12 Quizzes & Surveys
There will be many quizzes and surveys. These will be administered through ELMS. Completed surveys receive full credit. Instructors reserve the right to reject survey responses that are not considered thoughtful.
13 Midterms
There will be two Midterms.
Midterm 1: TBD
Midterm 2: TBD
14 Project
There will be a course Project. The project description will be posted approximately one month after classes start.
15 Computing Resources
Programming projects can be developed on your own system and submitted via Gradescope, which will provide virtual machines suitably configured for running your code. All project submissions must work correctly on the Gradescope VMs, and your projects will be graded solely based on their results on those machines. Because language and library versions may vary with the installation, in unfortunate circumstances a program might work perfectly on your system but not work at all on the VMs. Thus we strongly recommend that as you develop any project, you should run it several days early on Gradescope to have time to address any compatibility problems.

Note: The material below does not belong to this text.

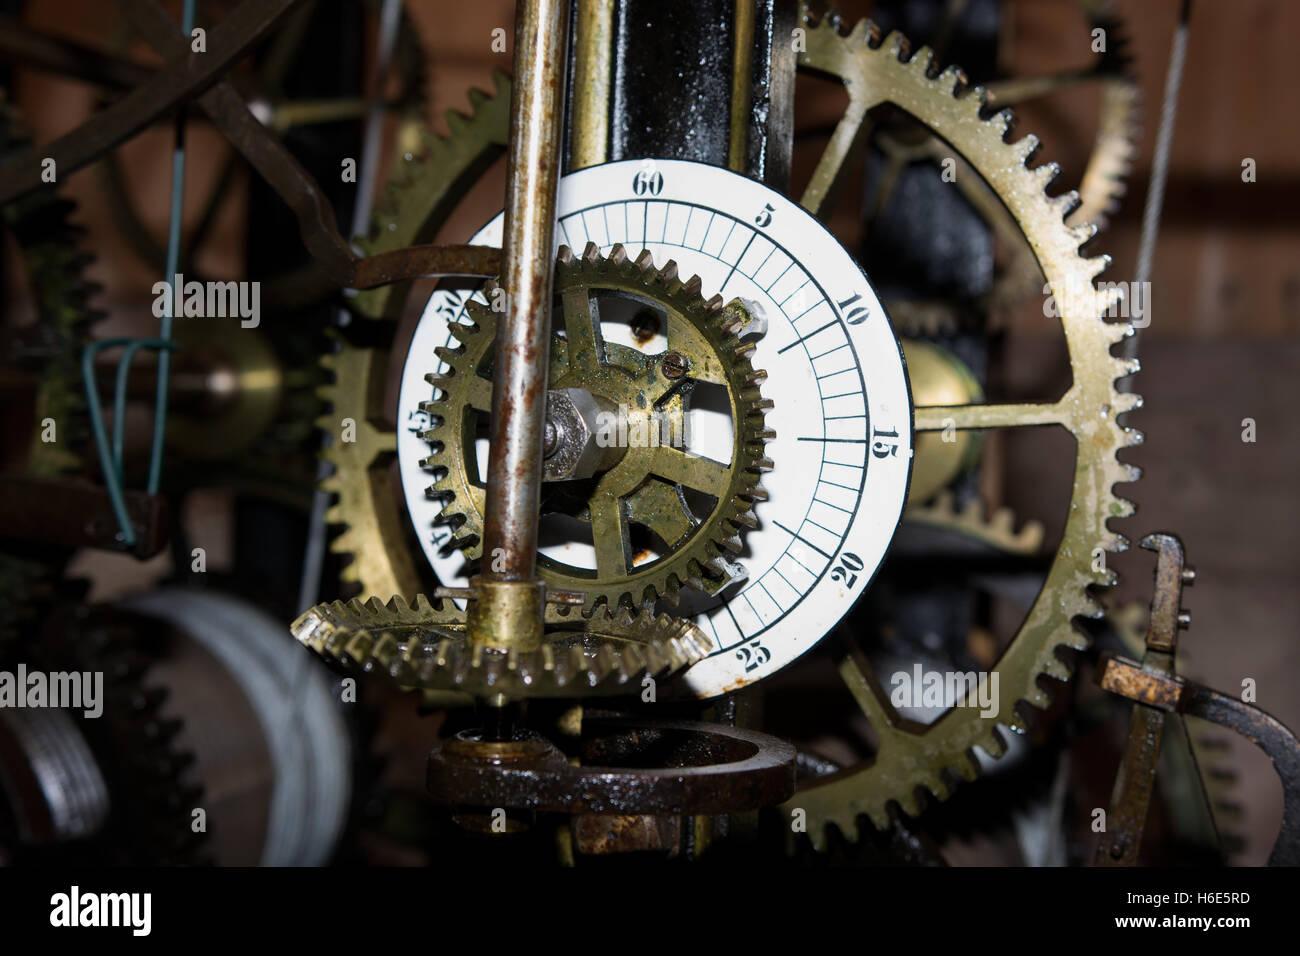 old clockworck with cog wheels - Stock Image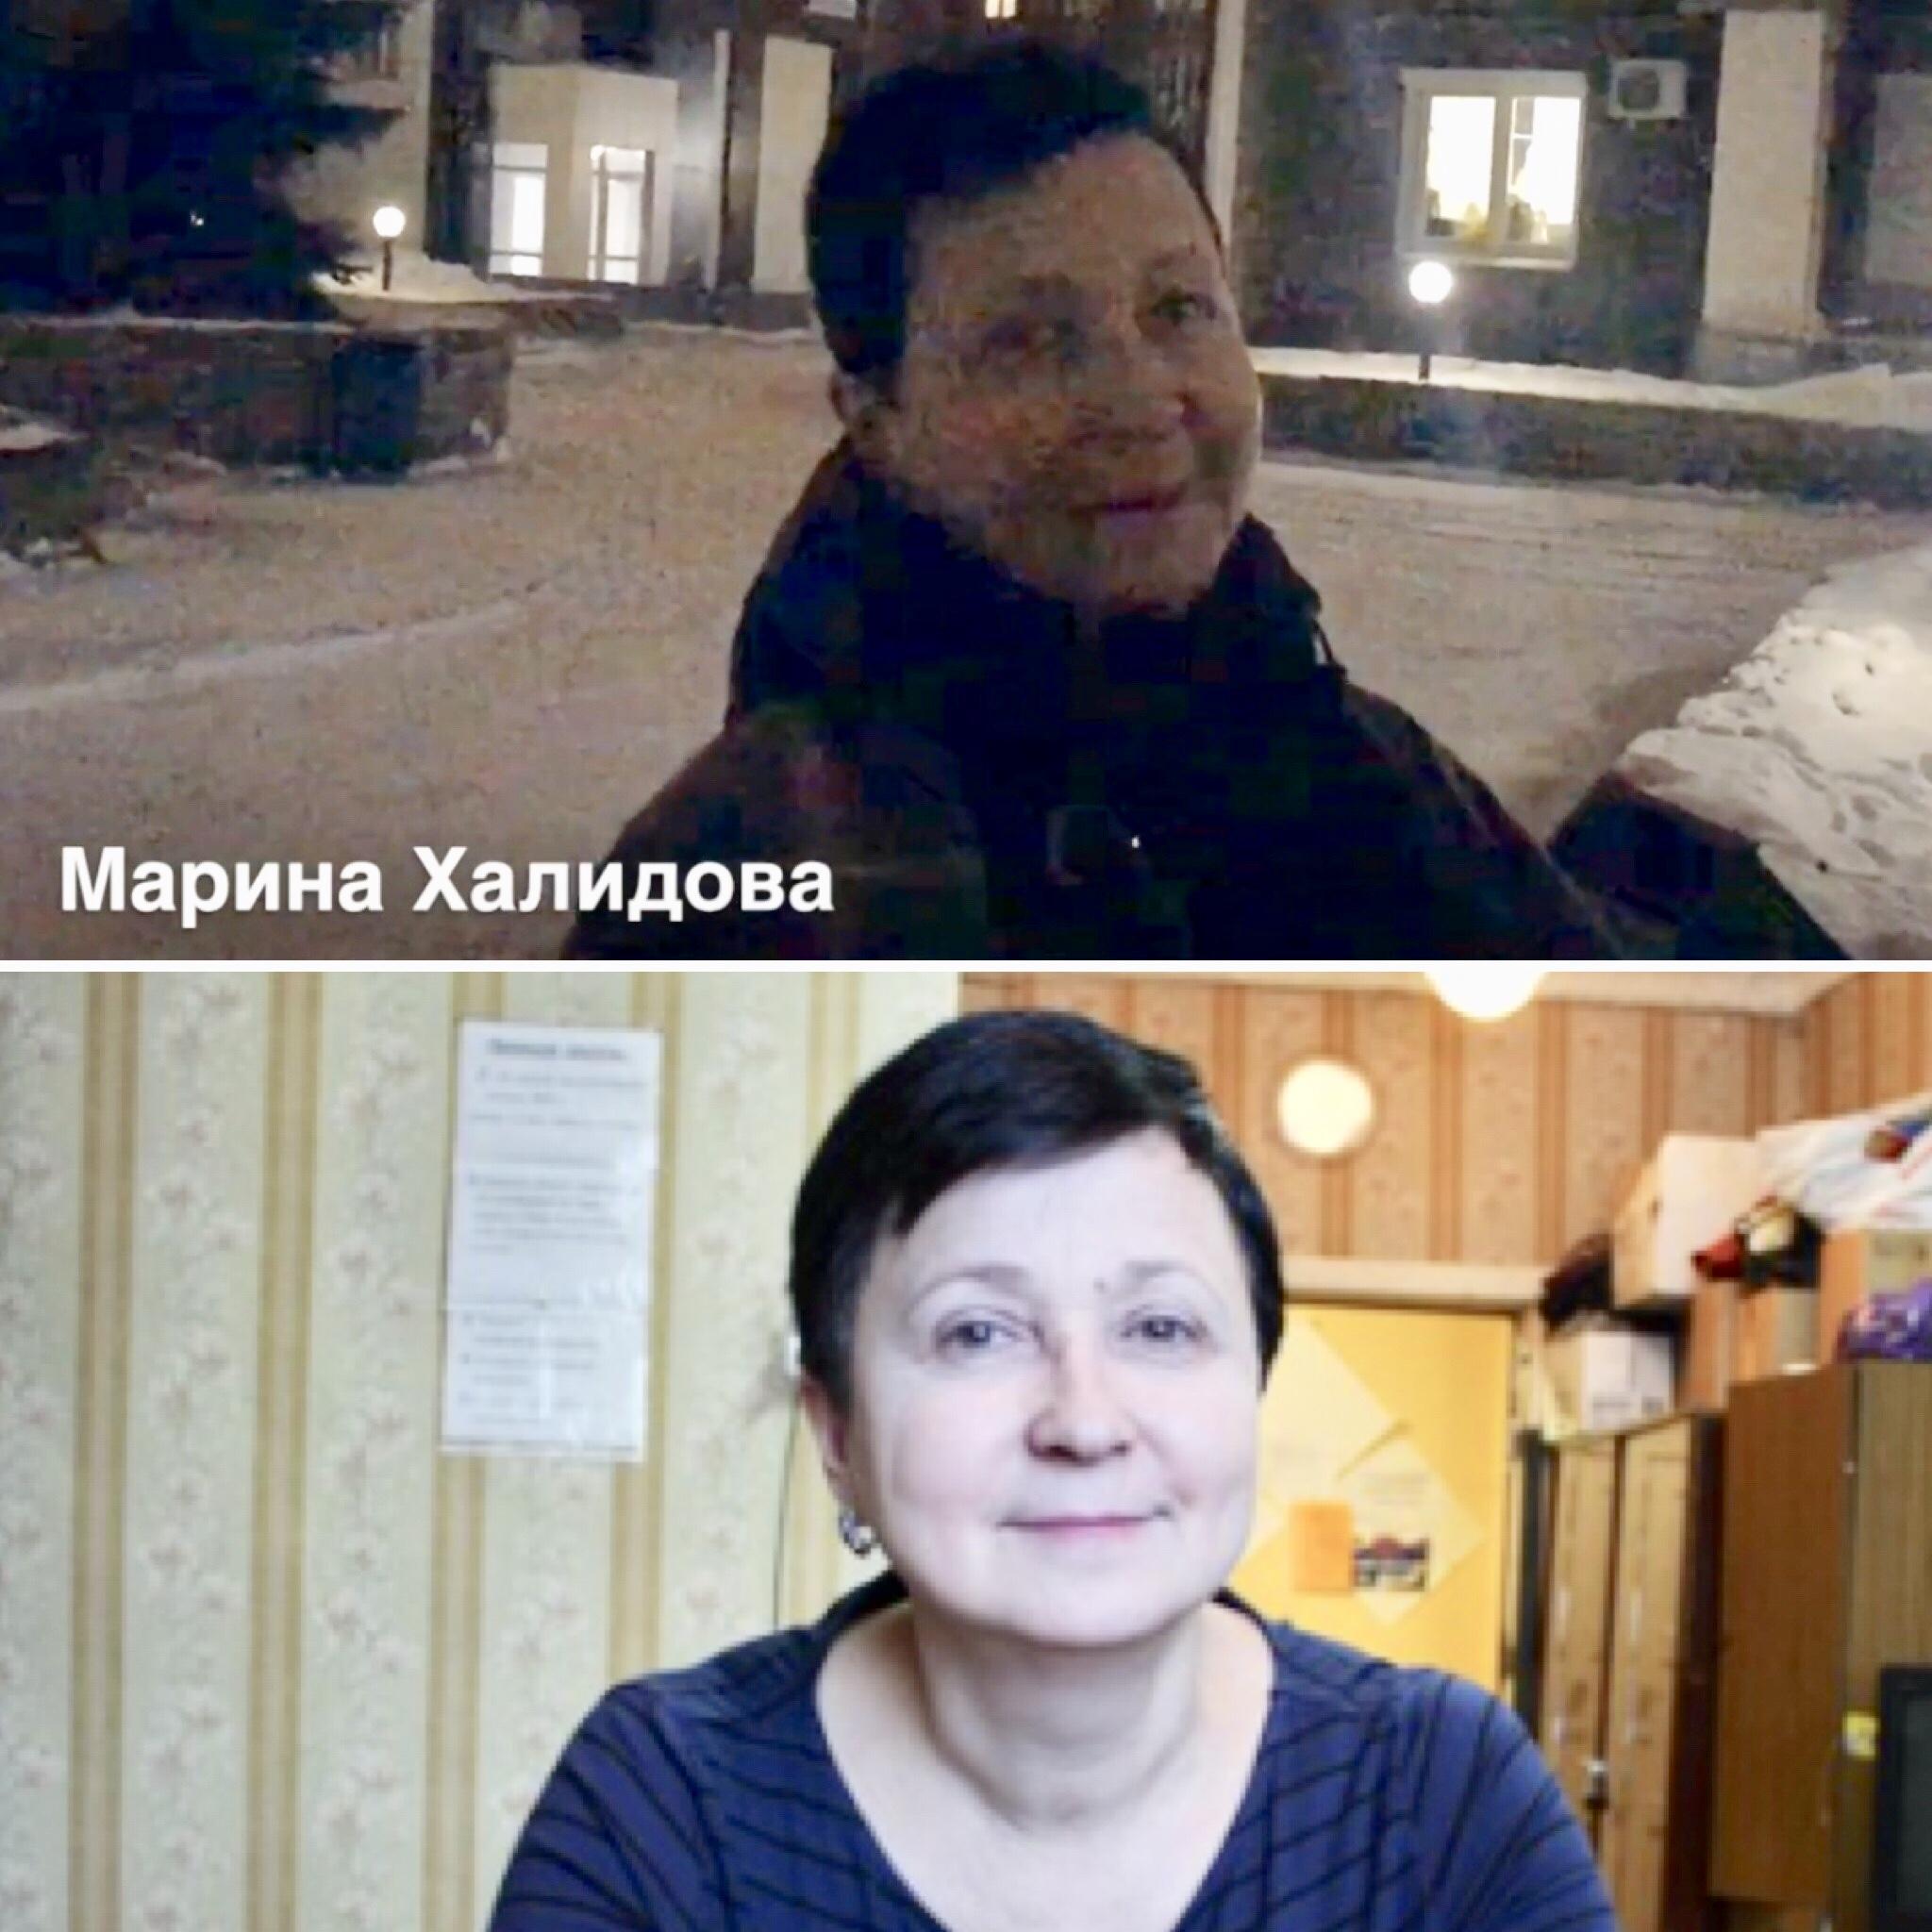 Марина Халидова

16 Outside-of-class communication with course staff
Course staff will interact with students outside of class in primarily two ways: office hours, and electronically via e-mail. The use of Piazza and/or other classroom forums is allowed, and discussion amongst the students is encouraged, as long as the discussion is about the concepts and not the solutions.
Personalized assistance, e.g., with assignments or exam preparation, will be provided during office hours. Office hours for the instructional staff will be posted on the course web page.
Additional assistance will be provided via discussion on Piazza. You may use this forum to ask general questions of interest to the class as a whole, e.g., administrative issues or problem set clarification questions. The course staff will monitor it on a daily basis, but do not expect immediate answers to questions. Please do not post publicly any information that would violate the university academic integrity policy (e.g., problem set code).
Personal e-mail to TAs should be reserved for issues that cannot be handled by the above methods.
Important announcements will be made in class or on the class web page, and via Piazza.
17 Excused Absences
Any student who needs to be excused for an absence from a single lecture due to illness shall:
Make a reasonable attempt to inform the instructor of their illness prior to the class.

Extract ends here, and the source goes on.